Bu araştırma tamamlanıp kamuoyu ile paylaşılmasının ardından yaklaşık 17 sene geçti. Bu süre zarfında İstanbul fiziki olarak neredeyse 3 kat büyüdü ve o gün 10 milyon 786 bin 300 olarak ölçülen İstanbul nüfusunun bugün resmi kayıtlara göre 19 milyona ulaştığı dile getiriliyor. Gayri resmi rakamlara göreyse, bu rakamın 22 milyon kişinin üzerinde olduğu tahmin ediliyor. Bu tablo göz önüne alındığında meydana gelebilecek bir depremin faturasının bir hayli kabarık olacağını söylemek mümkün.

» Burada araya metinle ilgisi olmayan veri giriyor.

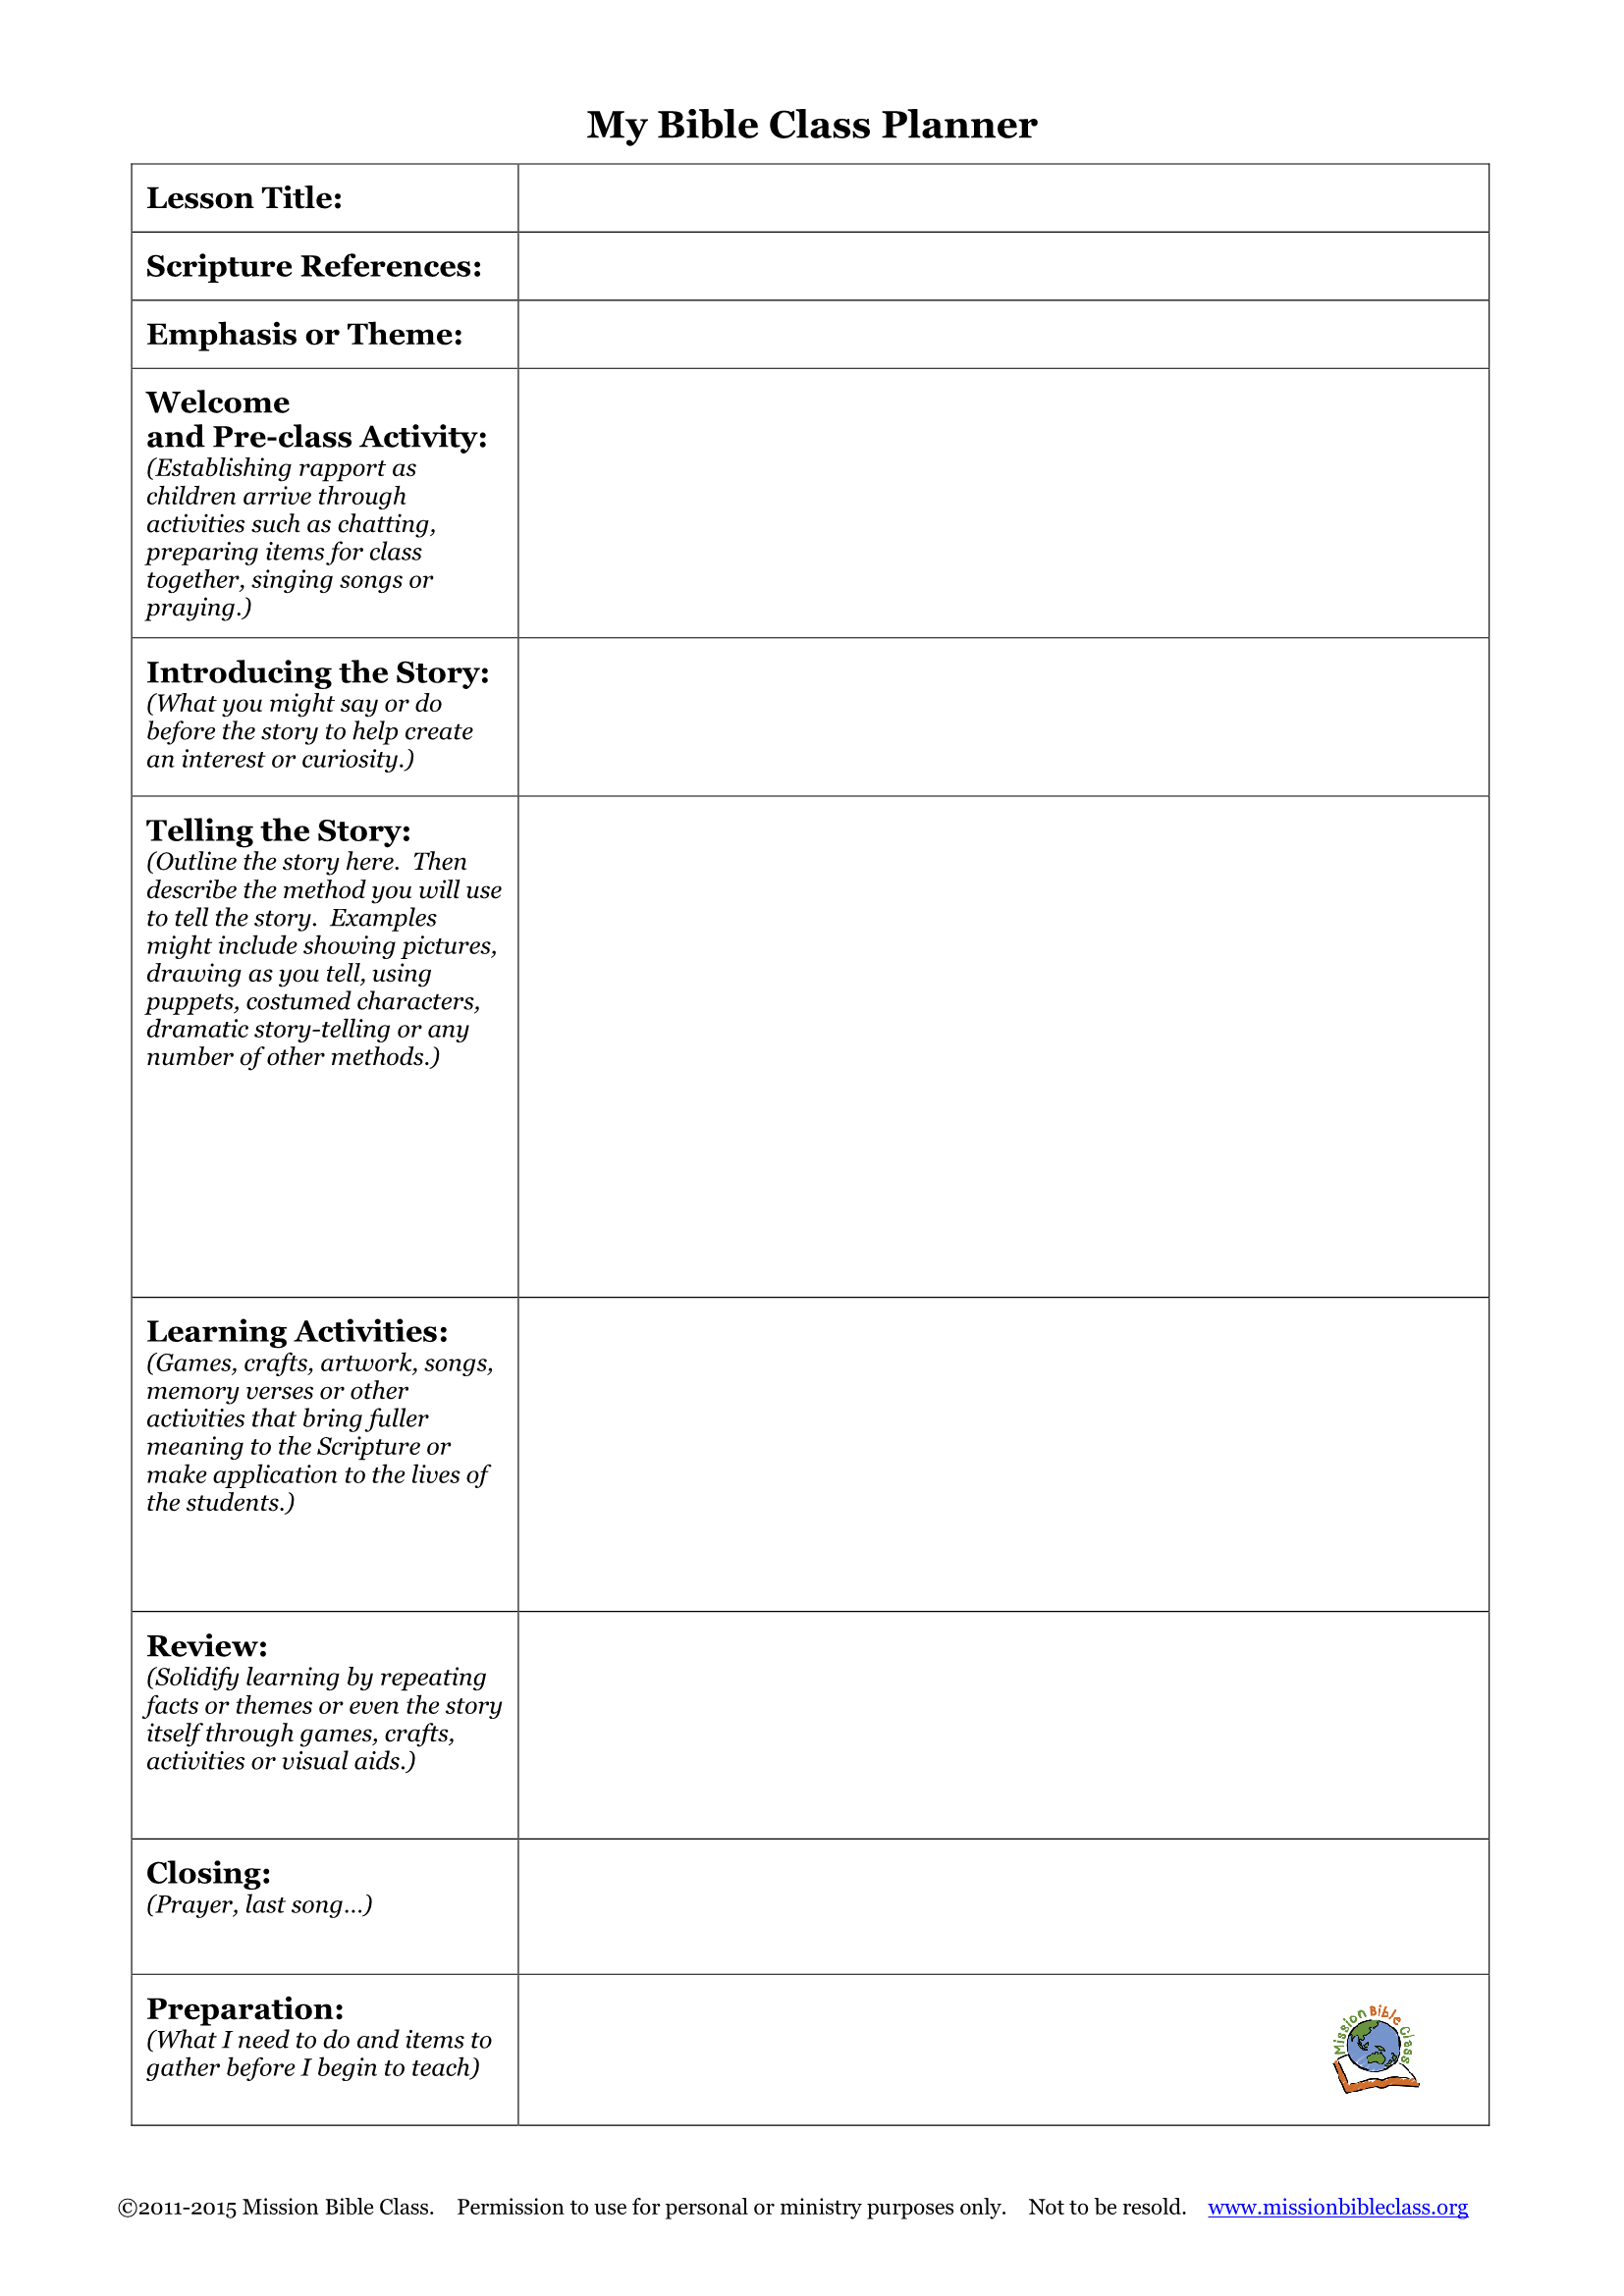 Blank Lesson Plan Templates To Print | Teaching The Bible To For Blank Syllabus Template

Böylesi büyük bir tedirginlik içinde İstanbul, 25 ve 26 Eylül tarihleri arasında en büyüğü 5.8 olmak üzere birçok artçı deprem ile sarsıldı.
GSM hatları çöktü, trafik kilitlendi ve insanlar büyük bir panik içinde ne yapacaklarını bilemedi.
WhatsApp ve benzeri sosyal medya iletişim araçlarında çeşitli ses kayıtları paylaşılması bir korku dalgasına sebep oldu.
Kamuoyu mevcut hükümet ve muhalefetin elinde bulunan Büyükşehir Belediyesi arasındaki güç ve siyaset mücadelesini büyük bir tiksinti içinde seyretti. 
Oysa deprem, zelzele, küçük kıyamet ya da başka bir ismiyle kıyamet-i sugra olarak bilinen bu doğal afet bu toprakların binlerce yıllık gerçeği olarak karşımıza çıkıyor. 
[Kaynak: Geçmişten günümüze depremler ve onlar kadar yıkıcı provokatörler, Mehmed Mazlum Çelik, https://www.independentturkish.com/node/75336/haber]
Ama nedense bu gerçeği kabullenmek ve ona göre yaşam biçimleri geliştirmek tabiatımızda yoktu! Bu gerçek ne zaman kendini hissettirse korku dağları aşıyordu “ya medet” diye her türlü haber takibi, yorum yapılır oluyordu. Bu süreç içinde kendimiz çok iyi deprem bilimcisi olduk. Bilim insanlarını ciddiye almak yerine imanımıza güvendik.  Günler geçti, aylar geçti ve hayat yeniden devam etti. Ta ki geçtiğimiz hafta Akhisar sallanana kadar.
“22.01.2020 Boğaziçi Üniversitesi Kandilli Rasathanesi ve Deprem Araştırma Enstitüsü verilerine göre, saat 22.22'de merkez üssü Manisa'nın Aksihar ilçesinde 5,6 (revize 5.4) büyüklüğünde deprem meydana geldi.  Yerin yaklaşık 6,98 kilometre derinliğinde gerçekleşen deprem İzmir, Manisa, Aydın ve Denizli'nin yanı sıra Yalova ve Bursa ve İstanbul'da da hissedildi.”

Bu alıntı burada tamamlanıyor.